EXERCISE GOAL.
Drop the pictures, then extract the listing word for word.

DATA SECTION.
BEGIN
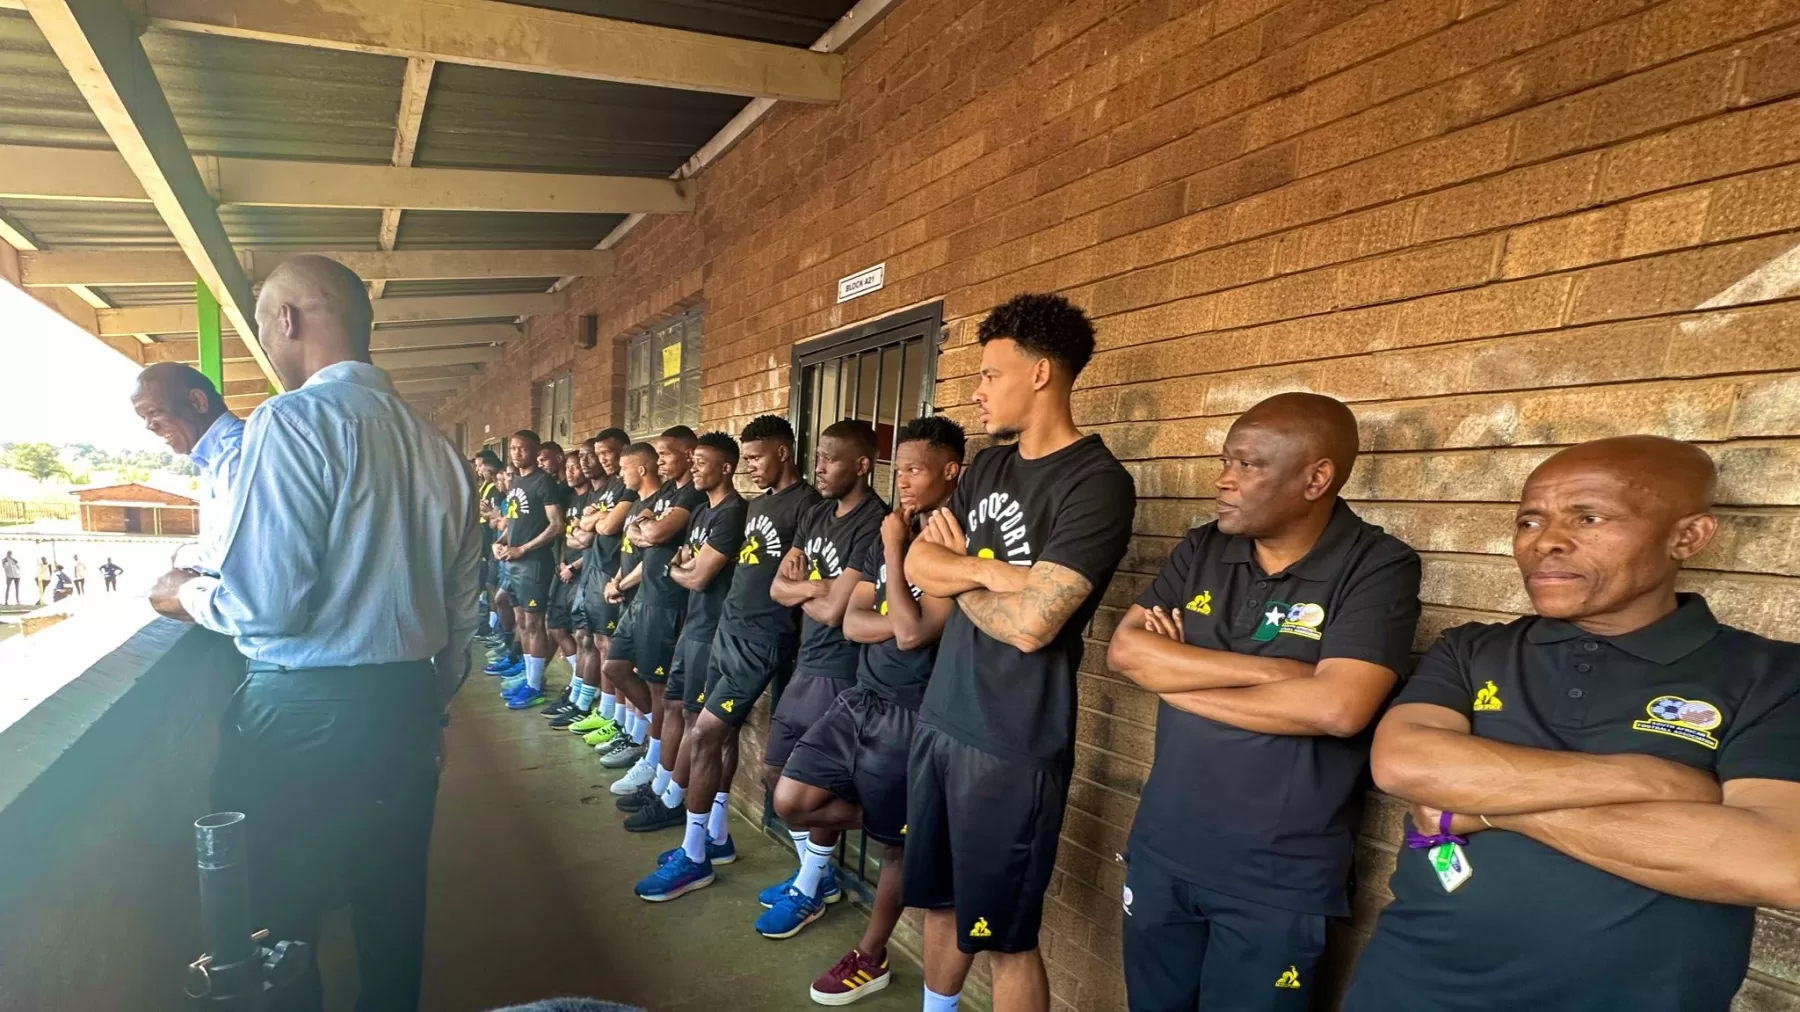 Bafana Bafana players Ronwen Williams and Percy Tau take the blame for poor home support  
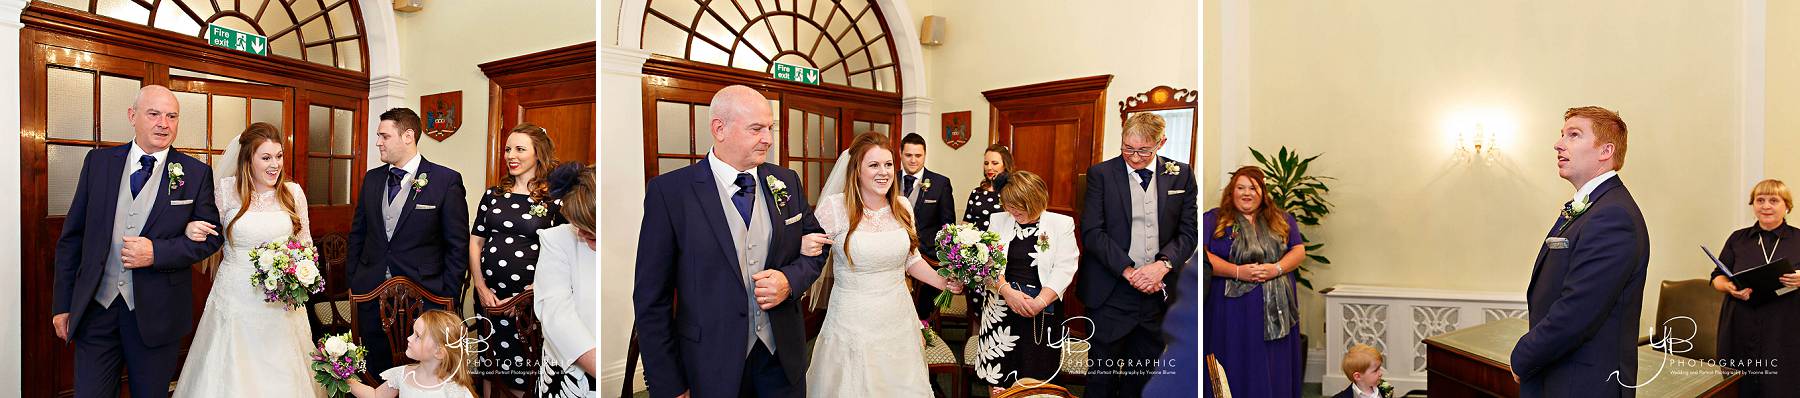 Chelsea Register Office wedding photography by YBPHOTOGRAPHIC
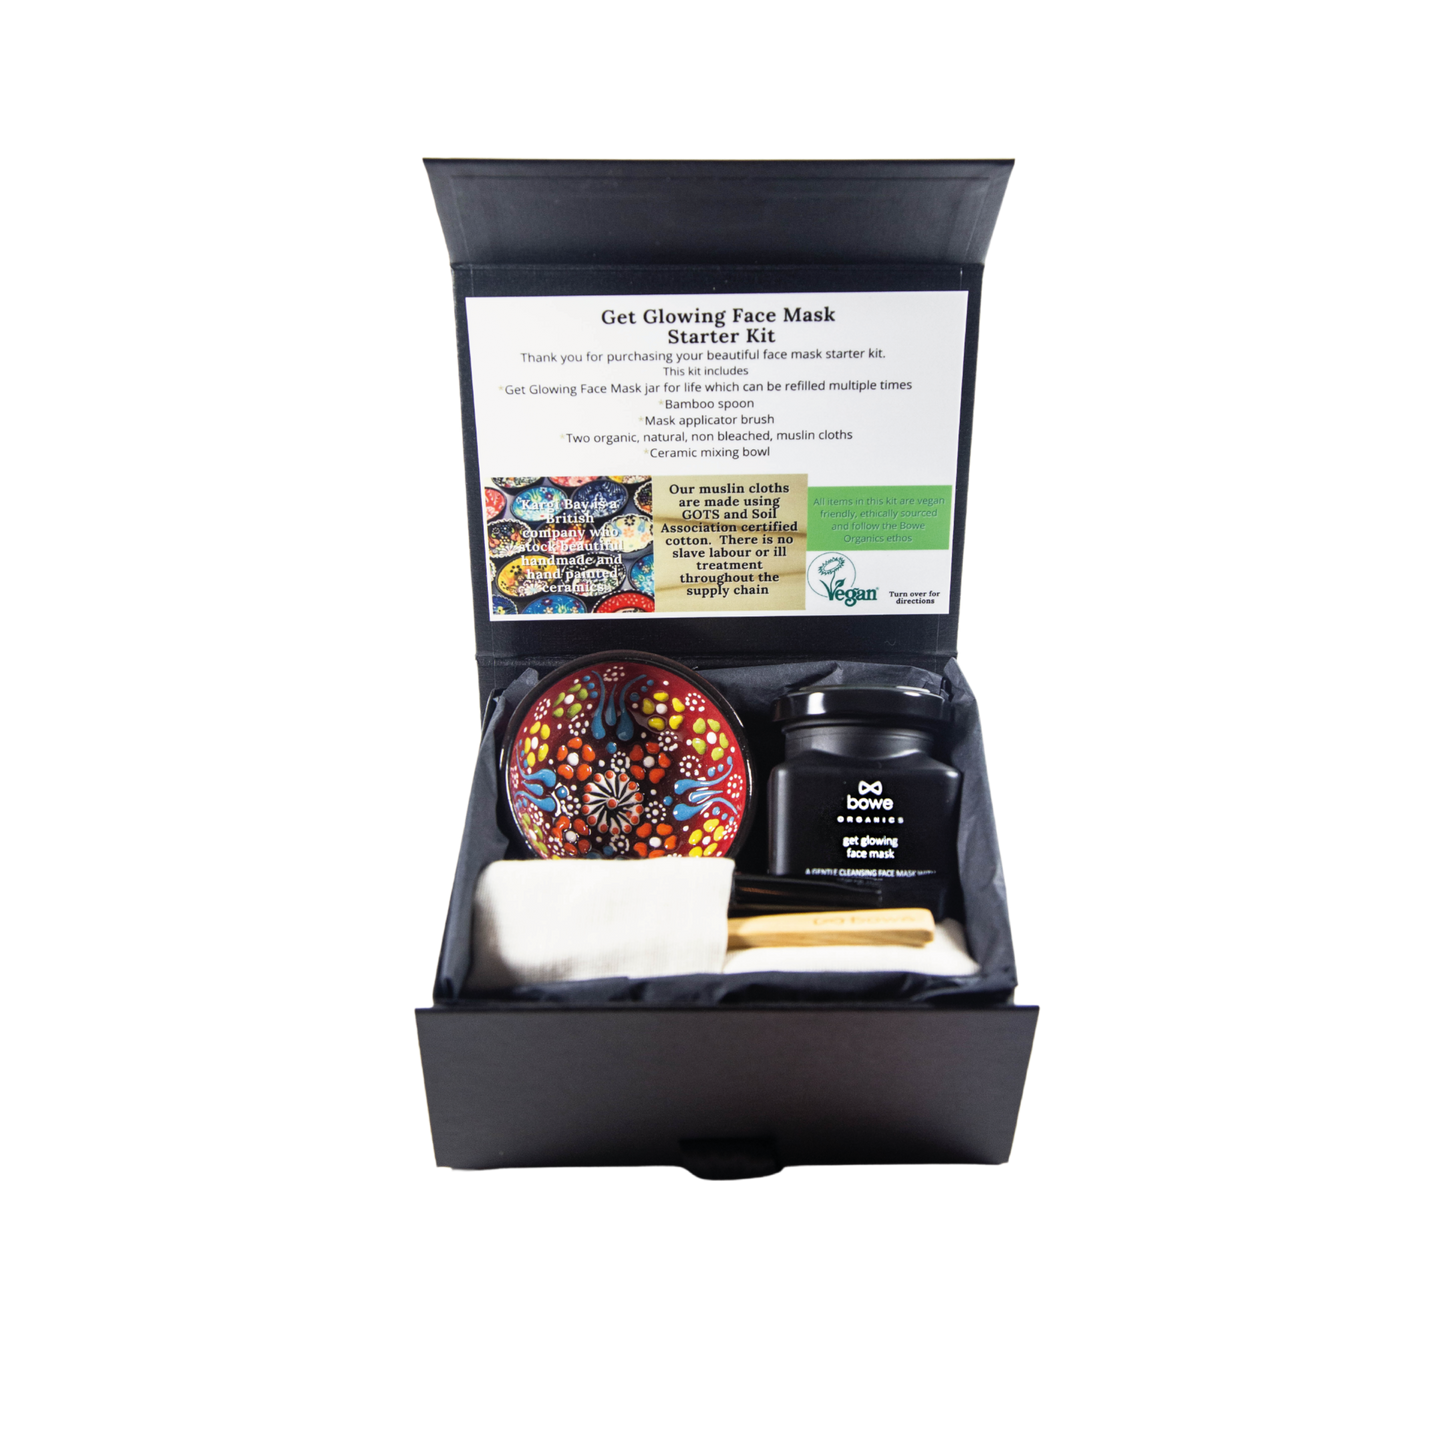 Black gift box with black tissue paper inside and contains a clay face mask gift set with a handpainted turkish style bowl a wooden mask mixing spoon, black face mask applicator brush, two organic cotton GOTS face cloths. Box is open and facing towards the camera
END
SOLUTION TO THE EXERCISE.
 Bafana Bafana players Ronwen Williams and Percy Tau take the blame for poor home support  
 Chelsea Register Office wedding photography by YBPHOTOGRAPHIC
 Black gift box with black tissue paper inside and contains a clay face mask gift set with a handpainted turkish style bowl a wooden mask mixing spoon, black face mask applicator brush, two organic cotton GOTS face cloths. Box is open and facing towards the camera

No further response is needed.